2.1. Observation à l’air.

L’observation à l’air associée à la méthode des cations divalents est essentiellement utilisée pour cartographier les complexes ADN-protéines immobilisés sur le mica. Le lecteur se réfèrera à la partie « Mapping DNA-protein complexes in air » de la note d’application rédigée pour Veeco Instruments (annexe C3-1) pour des exemples. De nombreux autres exemples sont décrits dans la littérature, et revus en particulier dans (19), dans (20) (complexes de l’ADN avec des protéines impliquées dans la réparation de l’ADN) et (21) (complexes avec des protéines impliquées dans la transcription).
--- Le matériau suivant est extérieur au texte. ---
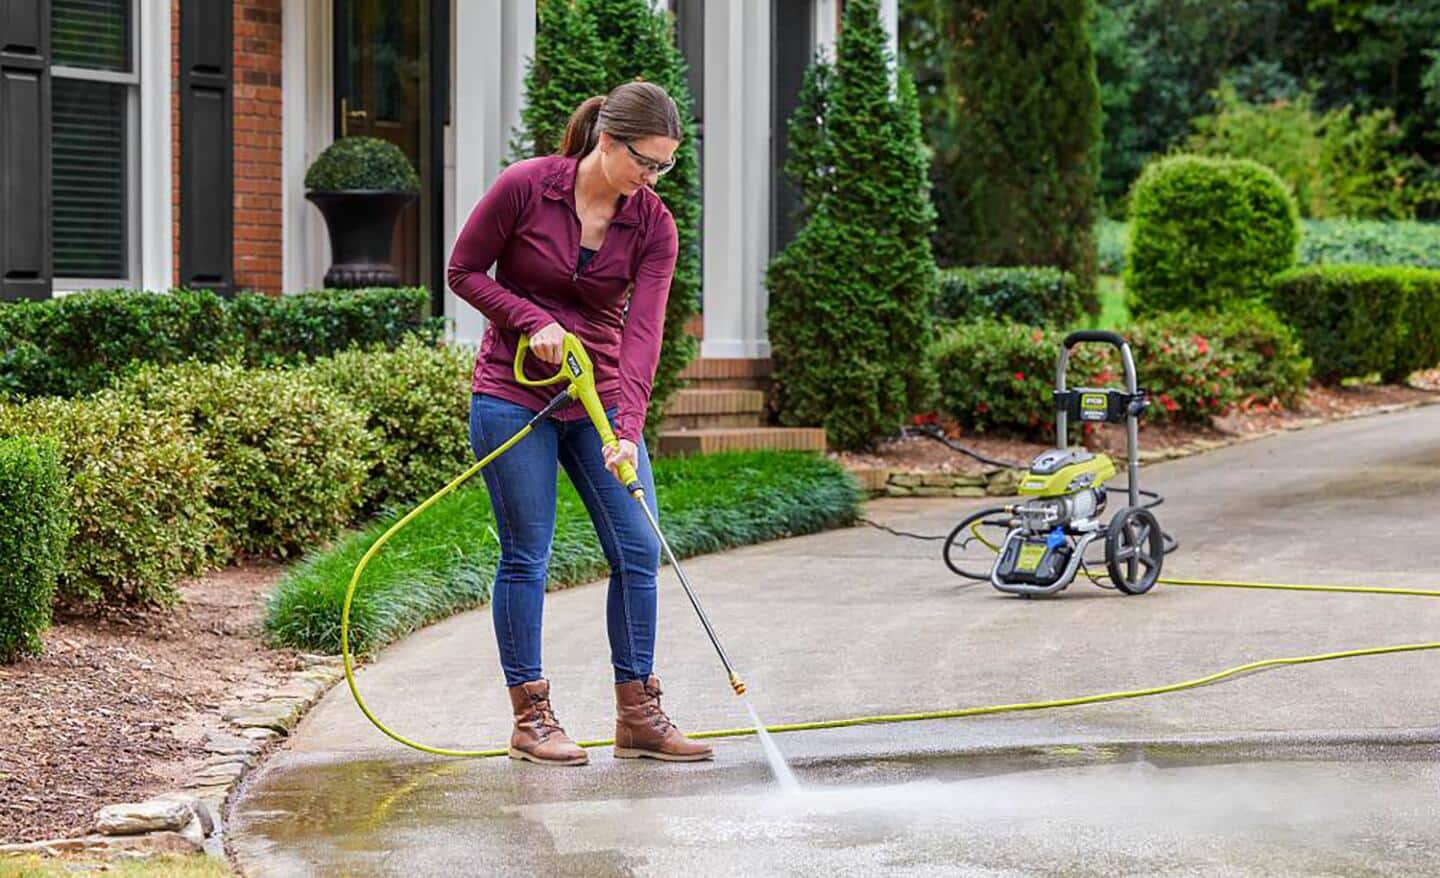 Over 25 Ways to Use a Pressure Washer at Home - How to Use a

Dans une moindre mesure, l’observation à l’air est également utilisée pour étudier l’effet de la liaison à l’ADN de ligands non protéiques. Il s’agit par exemple de composés trop petits pour être visualisés directement mais dont l’effet est détectable car ils changent la longueur de contour des molécules d’ADN en s’intercalant entre les paires de bases (22-24). D’une manière générale, ces types d’utilisation de l’observation en AFM sont assez comparables à ceux de l’observation en MET, sans que l’AFM apporte à ce jour beaucoup d’informations vraiment nouvelles par rapport à la MET. Chaque groupe appliquant sa propre recette pour l’adsorption et l’étalement, le plus souvent sans caractérisation quantitative, il est de plus difficile de vraiment comparer les résultats obtenus dans les différentes études AFM.
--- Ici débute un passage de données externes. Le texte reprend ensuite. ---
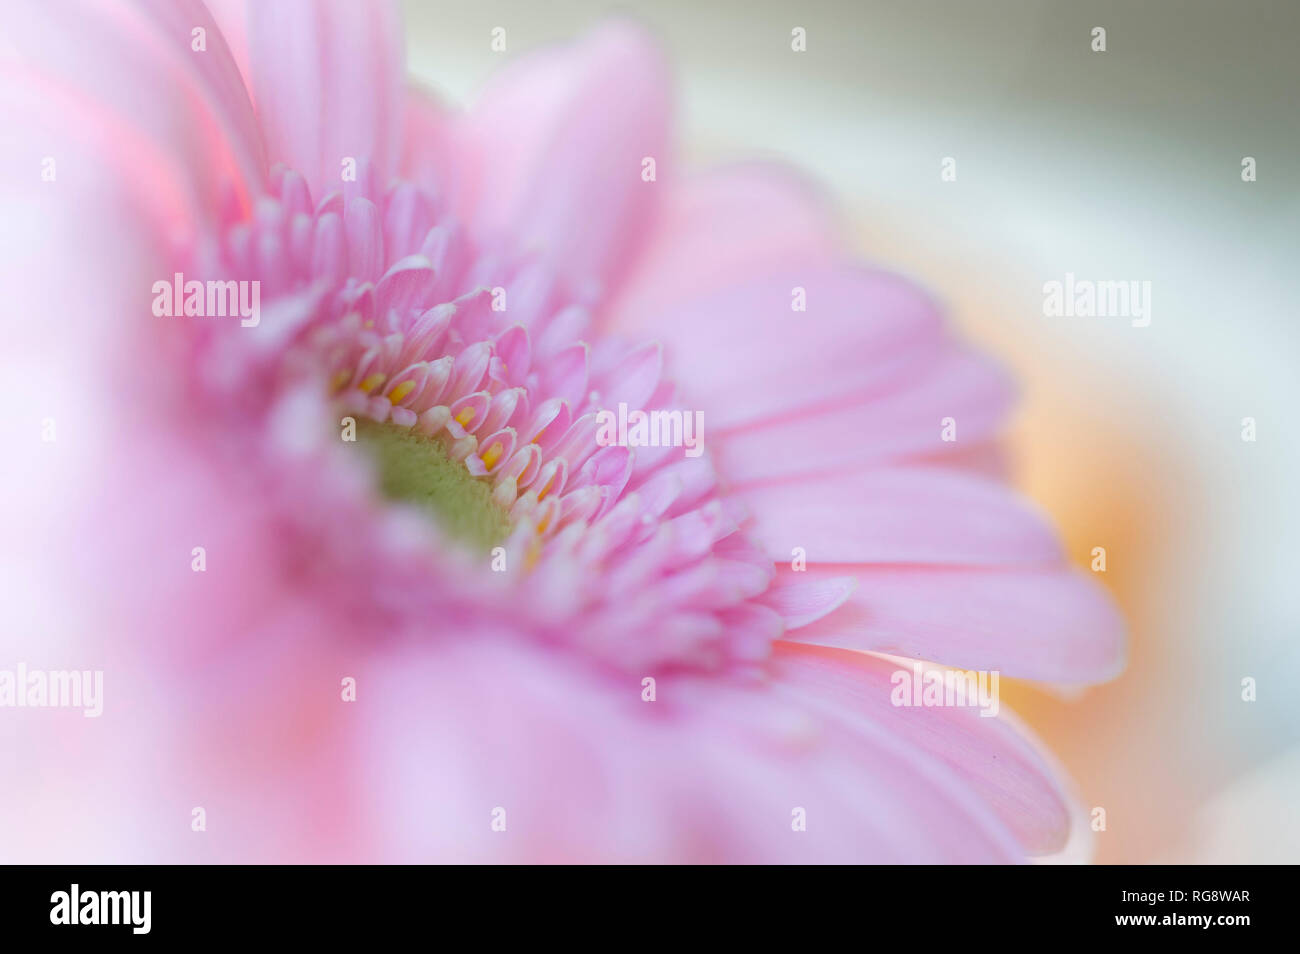 A close up view of a Gerbera flower. Stock Photo

2.2. Observation en milieu liquide.

L’observation en milieu liquide ouvre la possibilité de suivre l’évolution des systèmes avec une résolution spatiale de l’ordre du nanomètre et une fréquence d’acquisition des images de l’ordre de 20-30 secondes ou même de la minute. Cela doit permettre d’analyser la dynamique de structures particulières d’ADN ou de complexes ADN-protéines individuels, même si l’échelle de temps n’est actuellement pas encore compatible avec la cinétique biologique des phénomènes. Différents types d’ADN linéaires ou circulaires et différents complexes ADN-ligand (25,26), ADN-enzyme (18,27-29) ou ADN-facteur de transcription (30,31) ont été étudiés, dans les années qui ont suivi l’invention du mode d’imagerie contact intermittent et son application en milieu liquide (32).
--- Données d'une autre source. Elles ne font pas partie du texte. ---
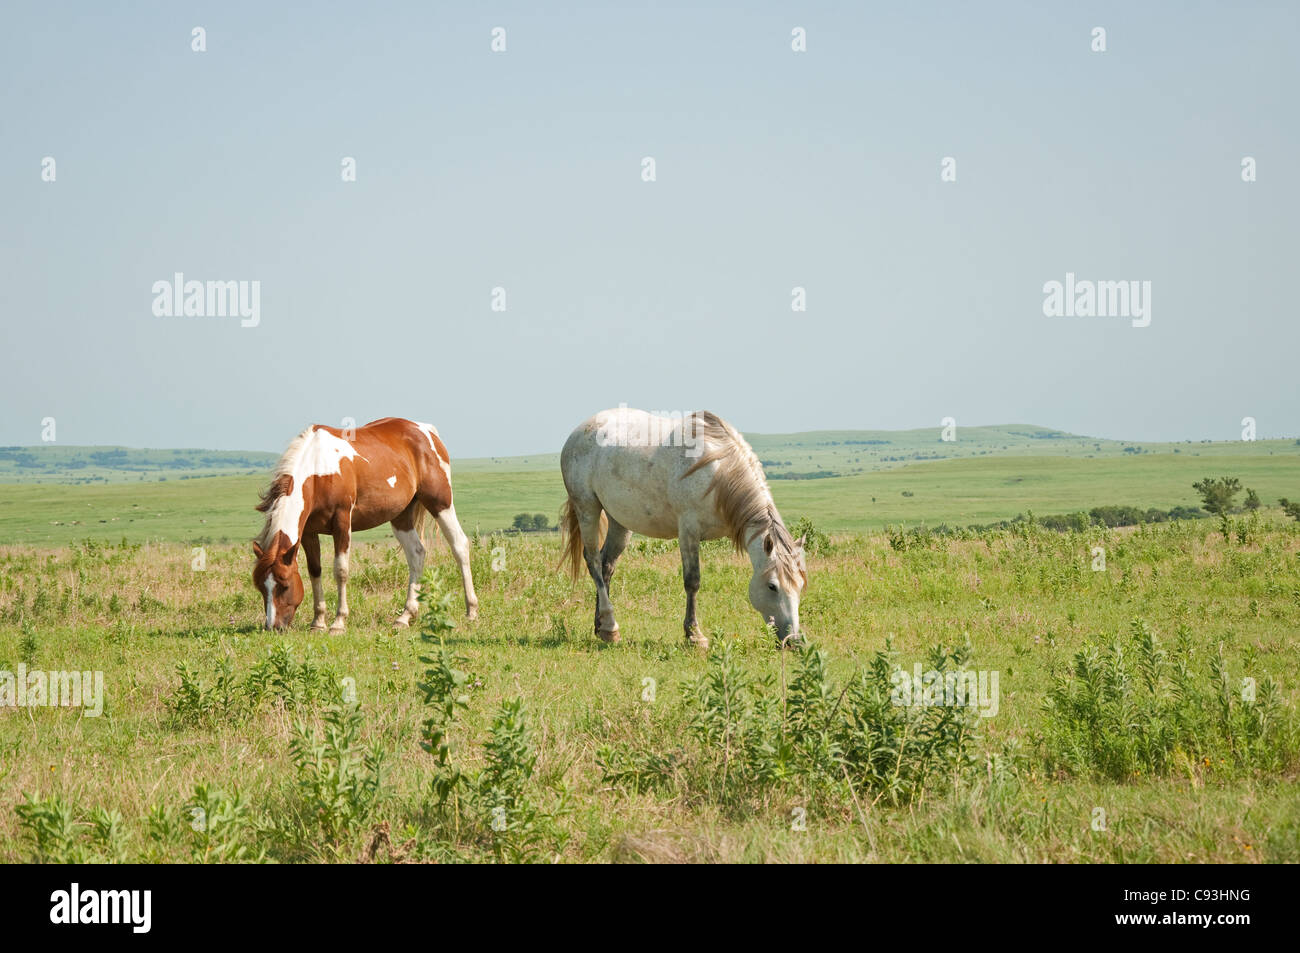 Two horses grazing against vast wide open prairie background Stock Photo

Les travaux sur les complexes ADN-ARN polymérase (18,27,28) ont montré que l’enzyme est capable de se lier à l’ADN adsorbé (27) et que les complexes adsorbés sur le mica conservent une activité biologique (28). Cependant l’activité enzymatique (~40-50% des complexes actifs sur la surface) et la vitesse de trancription (~1 nucléotide/seconde) de l’ADN sur le mica sont moindres, comparées à l’activité (~70-80% des complexes actifs en solution) et la vitesse (~5 nucléotides/s) de la même réaction réalisée en solution (18). L’ADN adsorbé sur la surface est aussi sensible à la dégradation par la DNase I (17,33). Les autres études montrent simplement des événements de liaison ou de dissociation de protéines à l’ADN (29-31). En général les mobilités de l’ADN et des protéines sur la surface varient

considérablement d’une expérience à l’autre, dans des conditions identiques de tampon. Ce manque de reproductibilité est attribué à la variabilité des propriétés de surface du mica. De plus, au niveau d’une molécule unique d’ADN, certaines parties sont mobiles et certaines sont plus fortement attachées. Le mouvement des protéines sur l’ADN peut être affecté à la fois par cette adsorption plus ou moins forte des différentes parties de l’ADN (29) et par le balayage par la pointe (31).

Ces différents essais ont montré une certaine faisabilité, mais ce type d’observations est encore loin de répondre aux attentes de la biologie, en raison des limitations de l’instrumentation (fréquence d’acquisition des images) mais aussi et principalement en raison du manque de maîtrise des interactions biomolécules-surface. Il est actuellement moins difficile de réaliser les observations à l’air, les tests de différentes conditions d’adsorption pouvant servir à déterminer des conditions de faisabilité de l’observation en milieu liquide.